En Belgique, cinq autres associations forment des chiens guides pour les personnes déficientes visuelles : Les amis des aveugles à Mons, Scale Dogs à Bruxelles, ainsi que deux associations en Flandre, à Genk et à Tongres.

Accès : que dit la loi ?

Plusieurs textes législatifs ont vu le jour afin de permettre aux chiens d’assistance (1), formés ou en formation, d’accéder aux lieux ouverts au public.

Aller de manière autonome à l’école, sur son lieu de travail, chez le médecin, dans une salle de spectacle ou un restaurant, faire ses courses, du sport… La loi autorise quiconque ayant besoin de l’aide d’un chien d’assistance de participer activement à la société.

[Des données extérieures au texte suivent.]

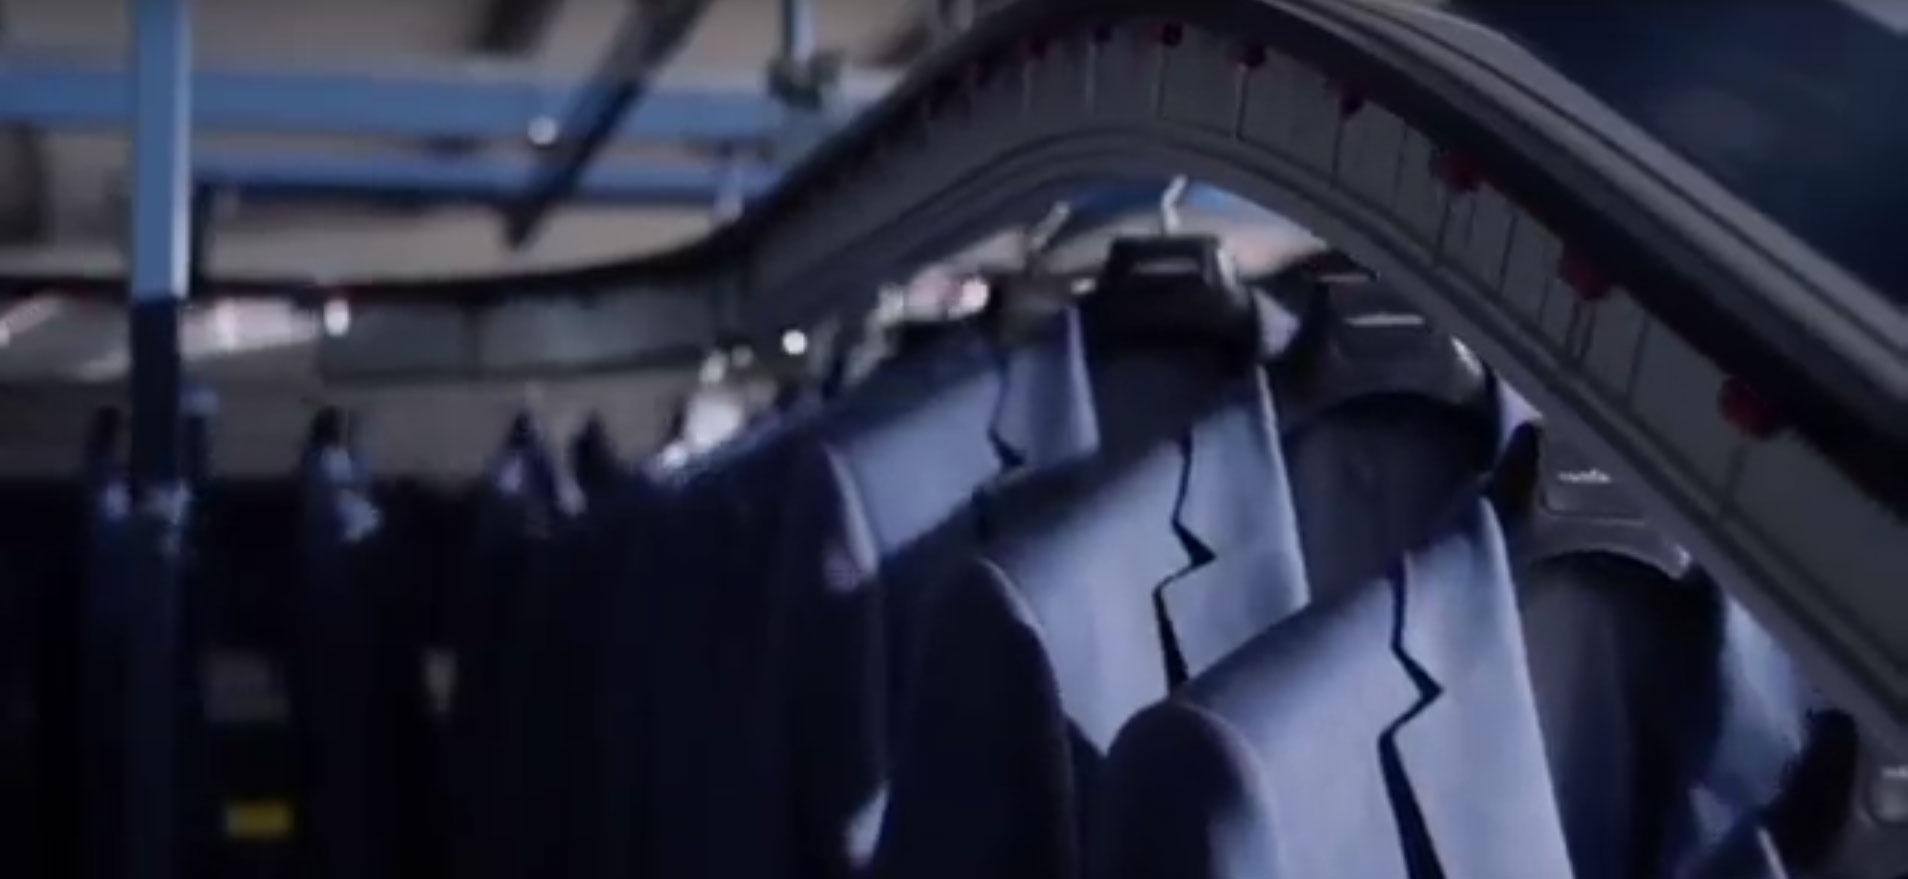 Lancerto - kurtki płaszcze itd 25%, 50%, 63% taniej

Malheureusement, de nombreuses personnes ignorent encore que les chiens d’assistance sont autorisés dans de nombreux endroits publics, y compris dans "les locaux où les aliments sont traités, manipulés ou stockés". "Plusieurs fois par an, on nous relate des soucis d’accès qui semblent encore dépendre du bon vouloir et de l’humeur du gestionnaire du bâtiment ou du service d’accueil, déplore Joëlle Huart. Certains hôpitaux mettent en place une réelle politique d’accueil des patients accompagnés d’un chien d’assistance alors que d’autres ne leur laissent même pas franchir la zone de prise de rendez-vous. Ne pas pouvoir utiliser son chien guide pour effectuer des déplacements revient à priver les personnes de leur autonomie !"
Dans la majorité des cas, il s’agit d’un manque d’information que les associations essaient de pallier par un travail de sensibilisation. Lorsque cela ne suffit pas, la solution ultime reste d’introduire une plainte auprès d’Unia (Centre interfédéral pour l’égalité des chances).